What this task involves »
The listing below should be printed exactly, though its pictures must not be.

Supplied information »

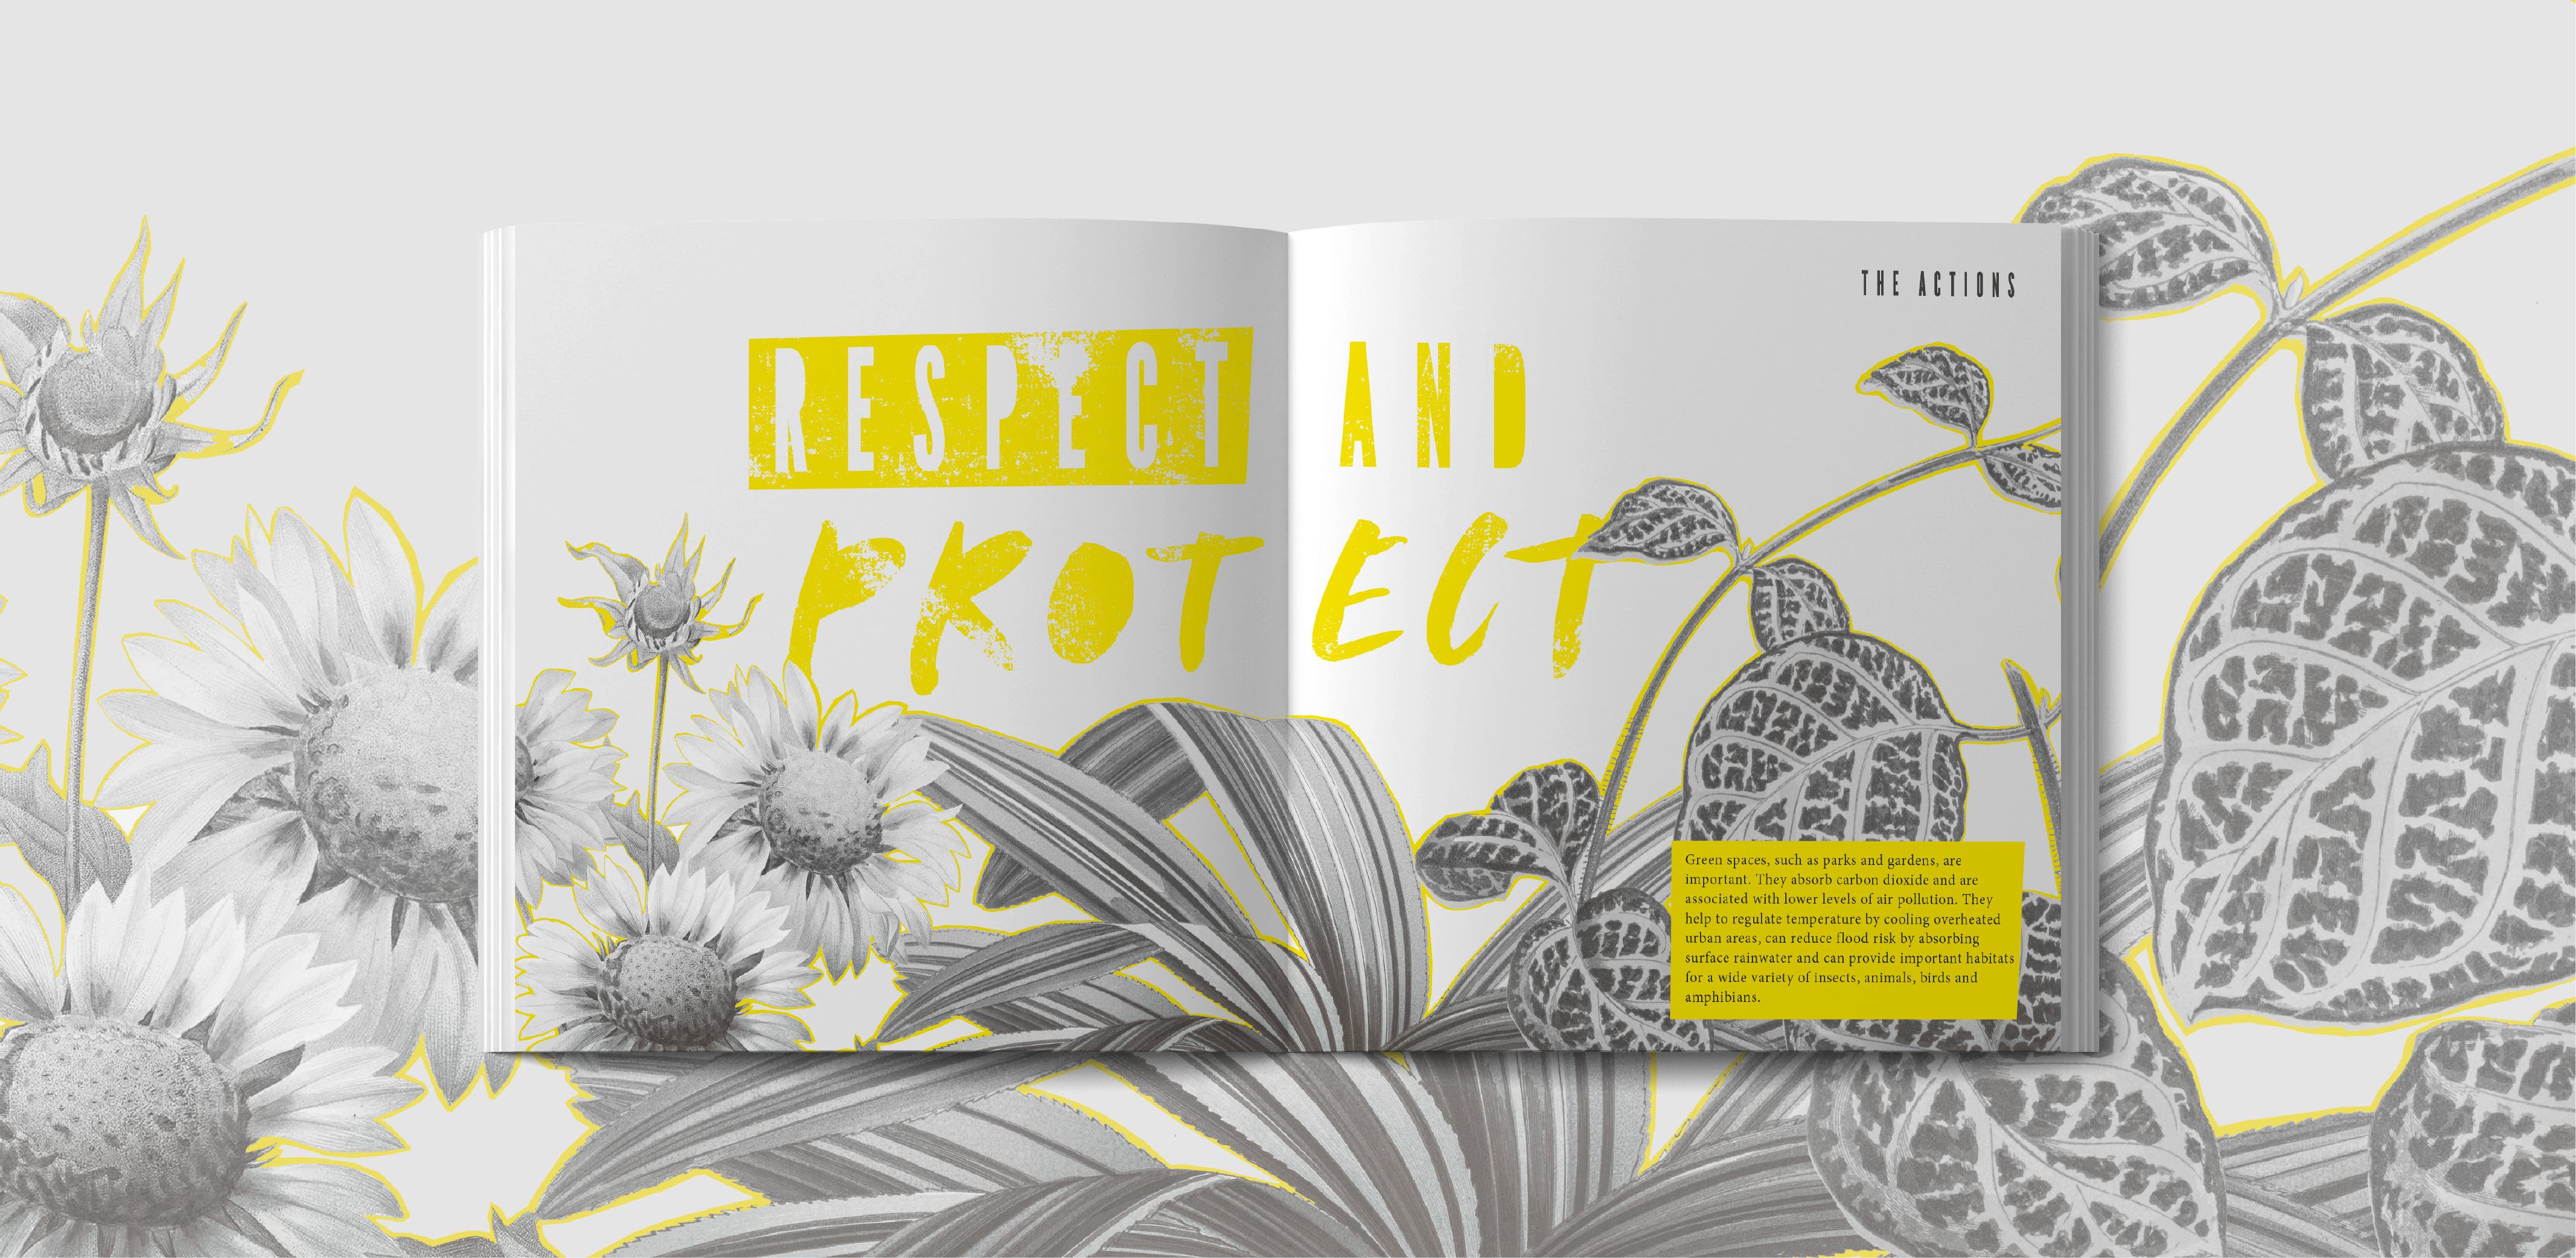 Booklet mock up featuring a typographic design
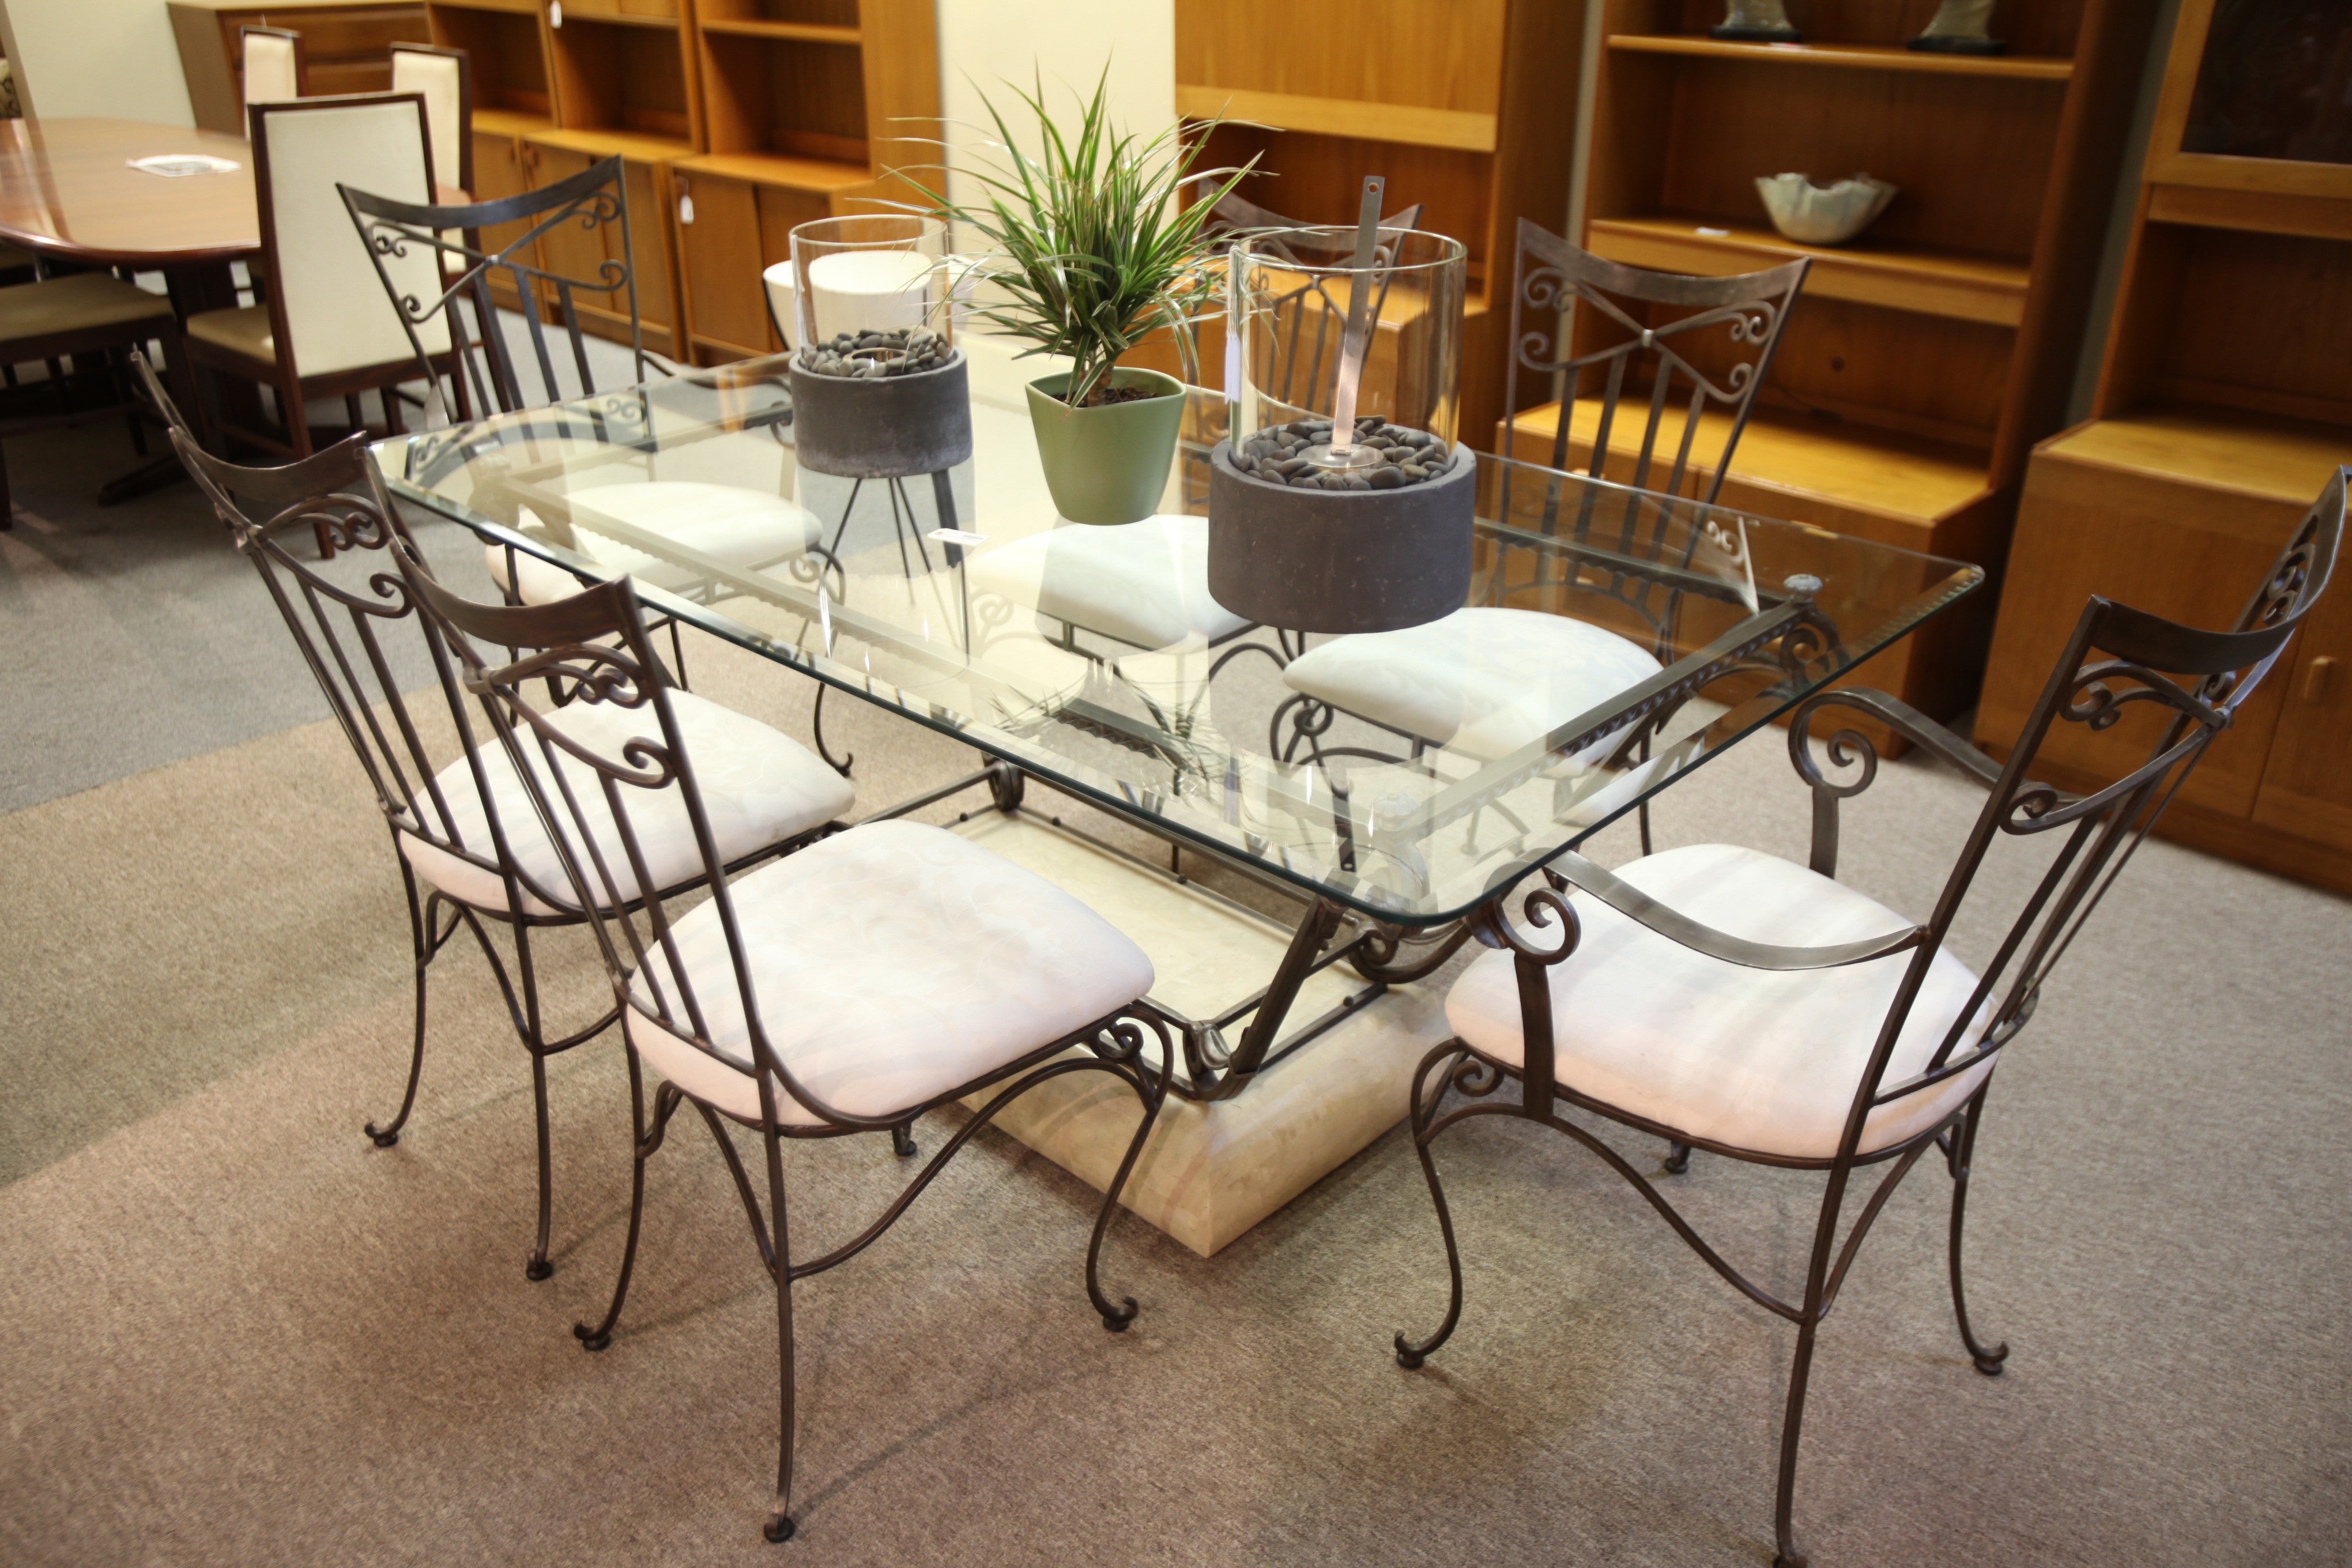 Wrought Iron/Glass Table with 6 Chairs (72"x41.5")
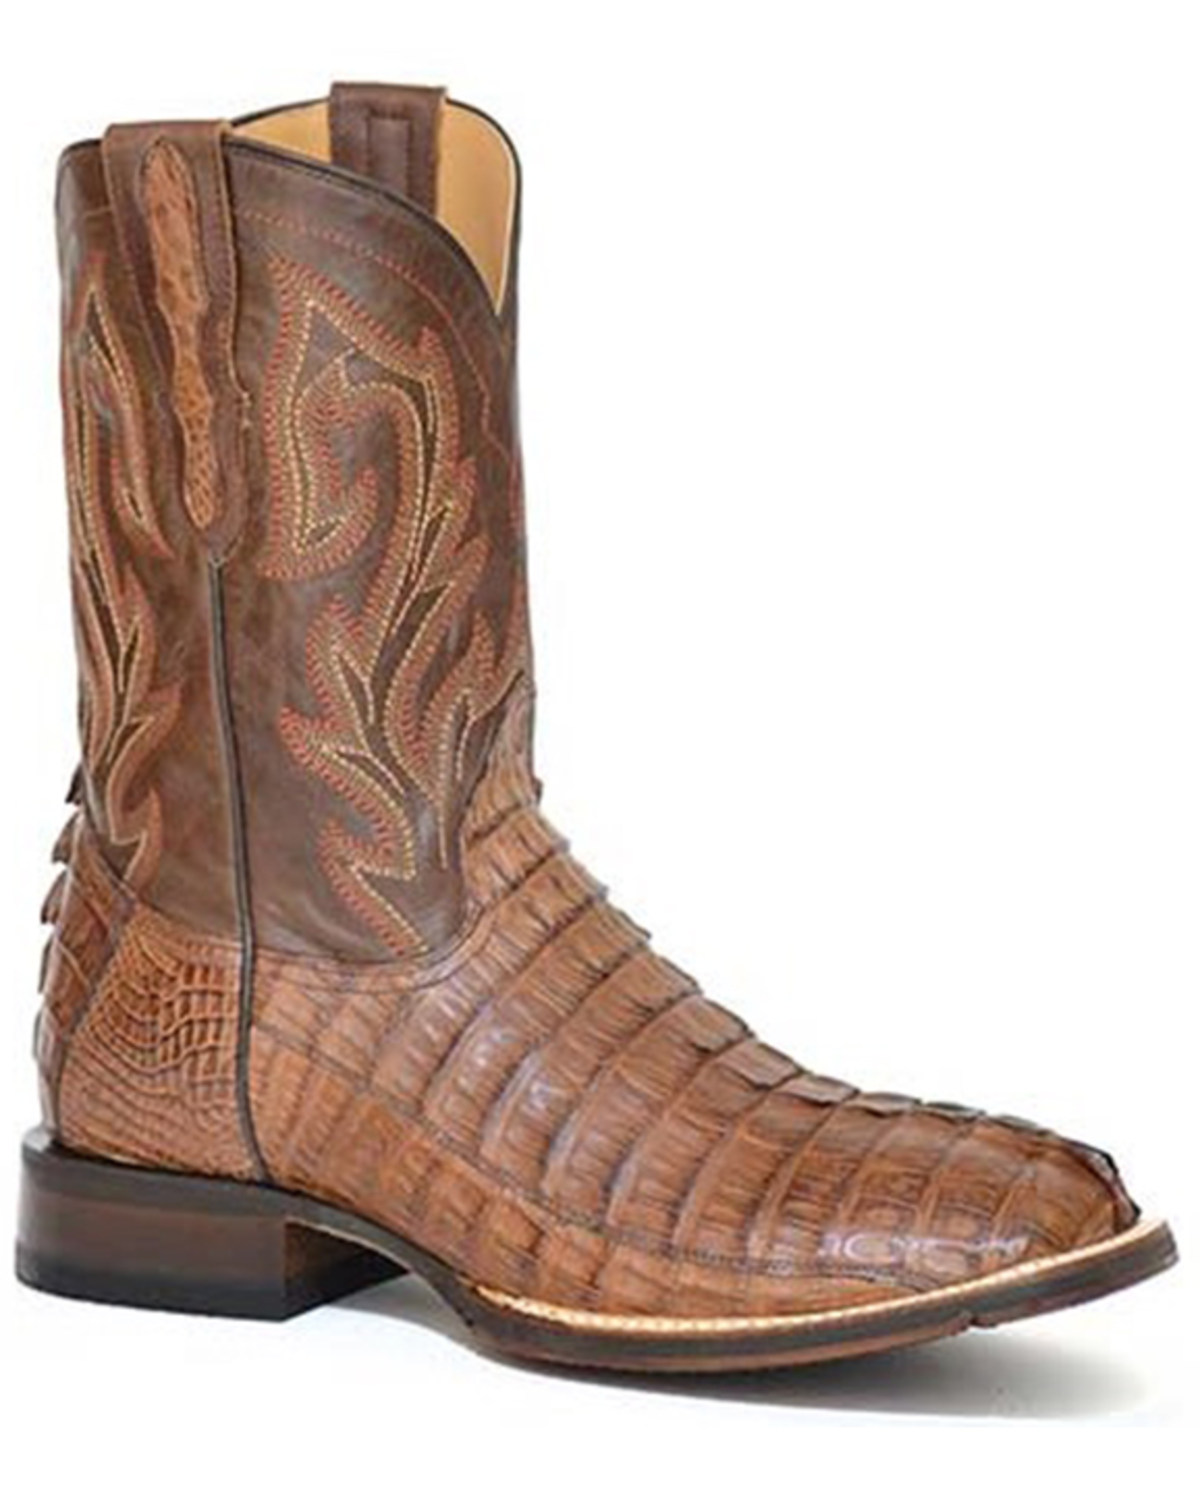 Stetson Men's Exotic Caiman Western Boots - Broad Square Toe

Output »
 Booklet mock up featuring a typographic design
 Wrought Iron/Glass Table with 6 Chairs (72"x41.5")
 Stetson Men's Exotic Caiman Western Boots - Broad Square Toe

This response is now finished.